Early life toxic stresses stimulate specific cytoprotective responses

Exposure to toxic stresses trigger a highly conserved array of cytoprotective molecular stress responses that promote organismal survival26. Therefore, we employed several GFP reporters to monitor the activation of stress-responsive transcriptional programs. Mitochondrial dysfunction leads to the induction of the mitochondrial unfolded protein response including, hsp-6, the mitochondrial paralog of nematode hsp-7027. Indeed, both AM and PQ exposure enhanced the fluorescence of hsp-6::GFP transgenic L1 larvae (Fig. 2a,d and b,e). Stresses might also upregulate drug detoxification responses that neutralize and help excrete toxic chemicals. Assaying two enzymes of glutathione metabolism we found that PQ, but not AM, induced the phase II glutathione S-transferase gst-4::GFP (Fig. 2c,f and Fig. S1a), whereas none of them affected the expression of the glutamate cysteine ligase gcs-1::GFP (Fig. S1b). Hence, early life stress induced by AM and PQ respectively, gives rise to specific and overlapping cytoprotective responses in L1 larvae (Fig. S1c).

Figure 2

Toxin exposure at the first larval stage induce specific stress and detoxification responses. Epifluorescent microscopic images (a–c) representing, and quantification of (d–f), the effect of AM exposure on hsp-6::GFP (a,d) and PQ exposure on hsp-6::GFP (b,e) and gst-4::GFP (c,f) reporter expression. GFP expression was imaged and quantified immediately after training. Boxes represent median and first and third quartiles and whiskers represent tenth to 90th percentiles. n = number of independent assays. p values were generated by the non-parametric Kolmogorov-Smirnov test. *p < 0.05, **p < 0.01, ***p < 0.001.

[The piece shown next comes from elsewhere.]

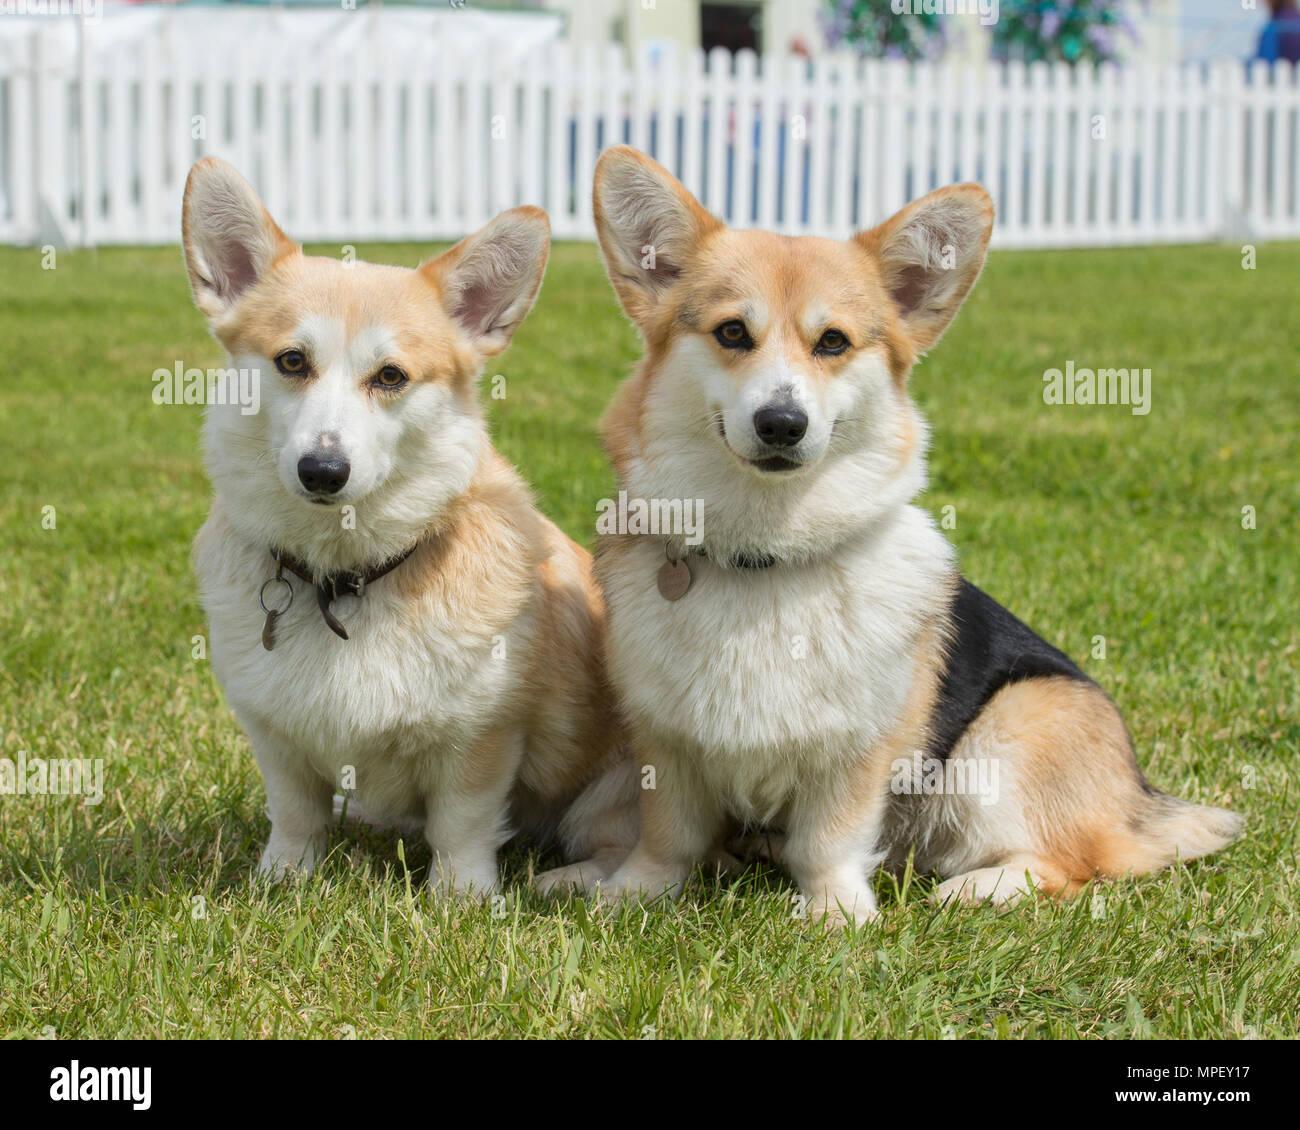 two Pembroke corgi dogs - Stock Image

Lack of early life stress associated aversive memory in adulthood

Next, we asked whether the bacterial sensory cues experienced during the toxic insult early in life could evoke an avoidant behaviour in adults. To this end, naive and toxin exposed L1 larvae were washed after 24 hours, transferred to the non-pathogenic Bacillus subtilis NRS 231 (BS) strain and grown till adulthood. We employed BS for several reasons. Although C. elegans has a very delicate chemosensory system, the sensory cues of the Gram positive BS strain are largely different from those of OP50 allowing a clear distinction between them. Moreover, BS has similar nutritive value, as worms raised on BS appear as healthy as those raised on OP50. Finally, BS is equally attractive compared to OP50 (see choice of naive worms on Fig. 3b,c). We tested adult worms in a classic food choice assay, placing them in the middle of a plate containing OP50 and BS spots at the opposite sides and allowing them to explore for an hour (Fig. 3a left assay). We found that both AM and PQ exposed nematodes exhibited an equal choice between OP50 and BS (Fig. 3b,c). To ensure that these results were not due to any specificity involving the Bacillus subtilis strain, toxin exposed worms were grown to adulthood in non-pathogenic Pseudomonas fluorescens NCTC 10038 (PF) bacteria. Similarly, we observed no difference between the food preference of AM and PQ treated, compared to naive worms (Fig. S2a,b).

Figure 3

Adult worms do not avoid food sensory cues experienced during early life stress. (a) Schematic of the imprinting protocol and the adult olfactory food choice and food leaving-food choice assays. Quantification of adult olfactory food choice after early life exposure to AM (b) or PQ (c), respectively. Quantification of adult food leaving-food choice after early life exposure to AM (d) or PQ (e), respectively, in toxin-avoidant (OFF) or non-avoidant (ON) groups of worms. Worms were placed in the middle of the plate in the olfactory and on the E.coli OP50 lawn in the food leaving-food choice assay. Choice was quantified by scoring worms on E. coli OP50, Bacillus subtilis (BS) or on the empty agar surface (0). n = number of independent assays. p values were generated by two-way ANOVA followed by Fisher’s LSD post-hoc correction. n.s, not significant, *p < 0.05, **p < 0.01, ***p < 0.001.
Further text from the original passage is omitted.